I think you are being unreasonable and don't understand the interview process at all. It's a scoring system with points per question. If someone else said better things then they will have scored higher than you. I'm saying this from experience of interviewing staff. You can't just make up the scores.

I dont think oyu read what OP said that the job went to a more popular candidate and maybe you have limited experiences in management as very often there are no 'scores' and there is always a lot of room for bias.

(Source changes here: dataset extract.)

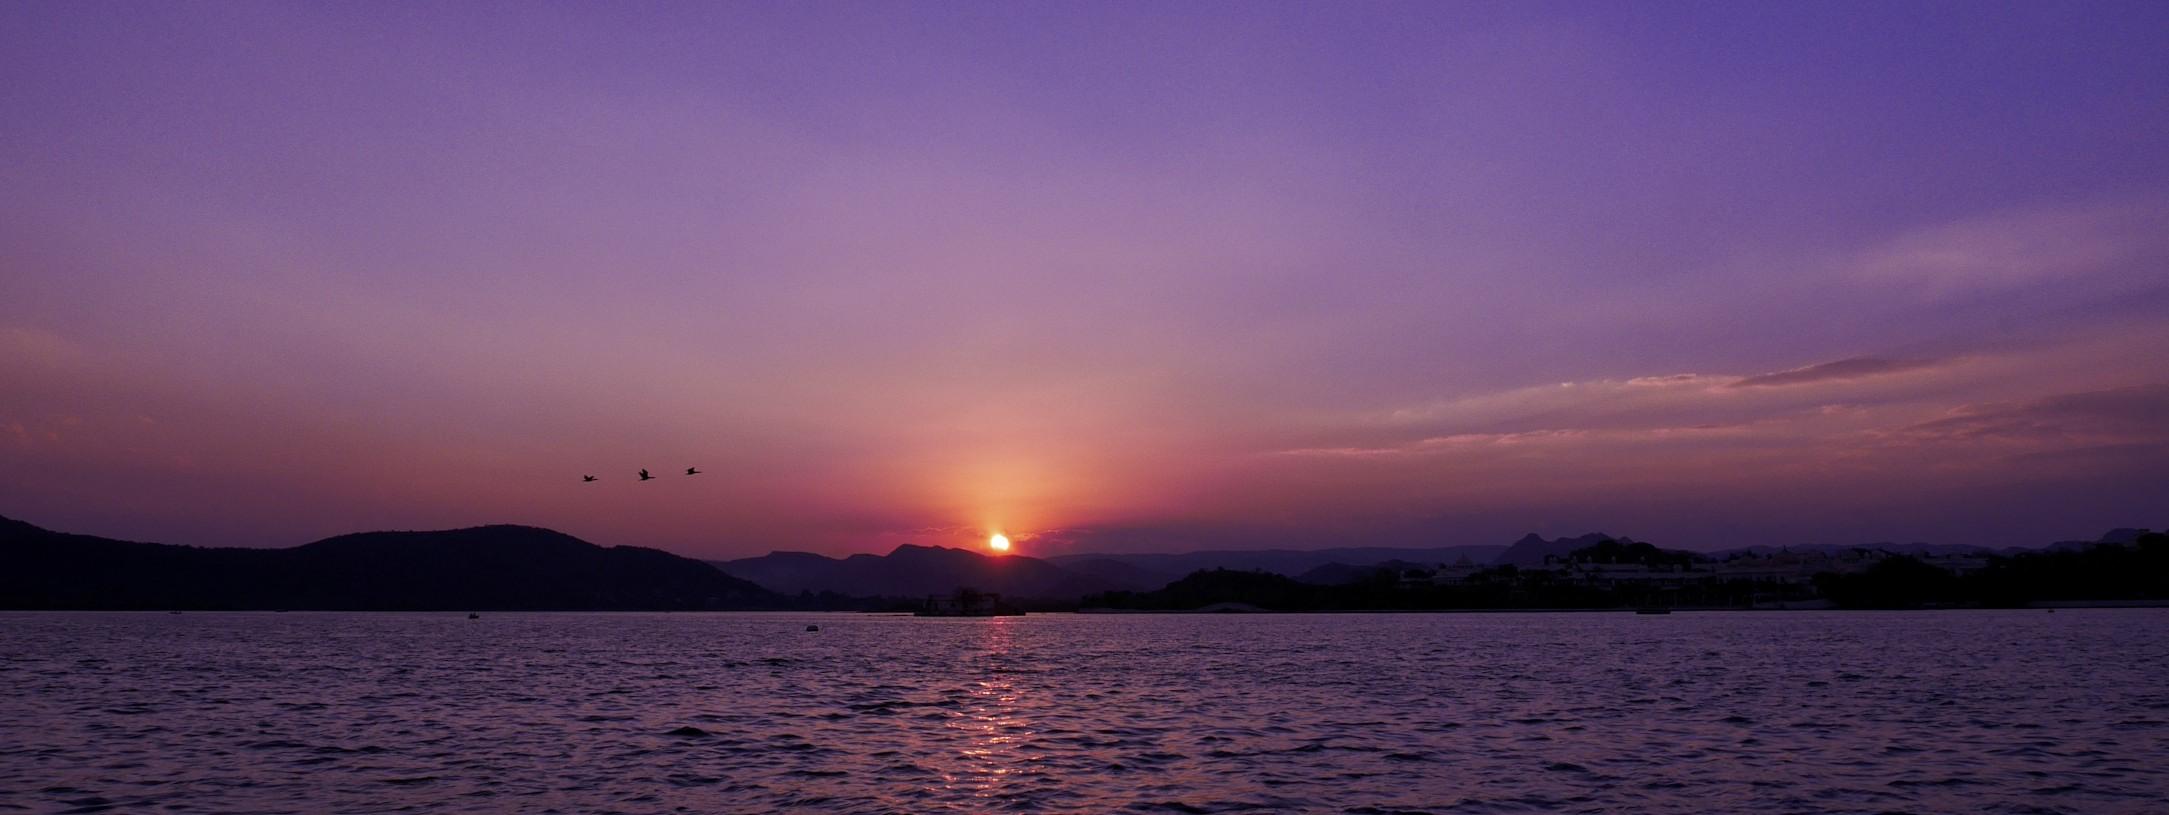 Lake Palace20.jpg

lifeispainauchocolat · 03/02/2024 15:59

I think it's fine to state out loud that the process is rarely fair and is often about a face that fits not competences

Just maybe not on a work computer Grin

Wouldyouguess · 03/02/2024 16:02

lifeispainauchocolat · 03/02/2024 15:59

I think it's fine to state out loud that the process is rarely fair and is often about a face that fits not competences

Just maybe not on a work computer Grin

...and during actual work with the manager reading the exchanges😅

alifeinredroses · 03/02/2024 16:04

Why was your line manager reading other people's messages OP? What a breach of confidence.
Now you know not to write things down.
You are entitled to your opinion. And you did nothing wrong , you were encouraging colleague to apply!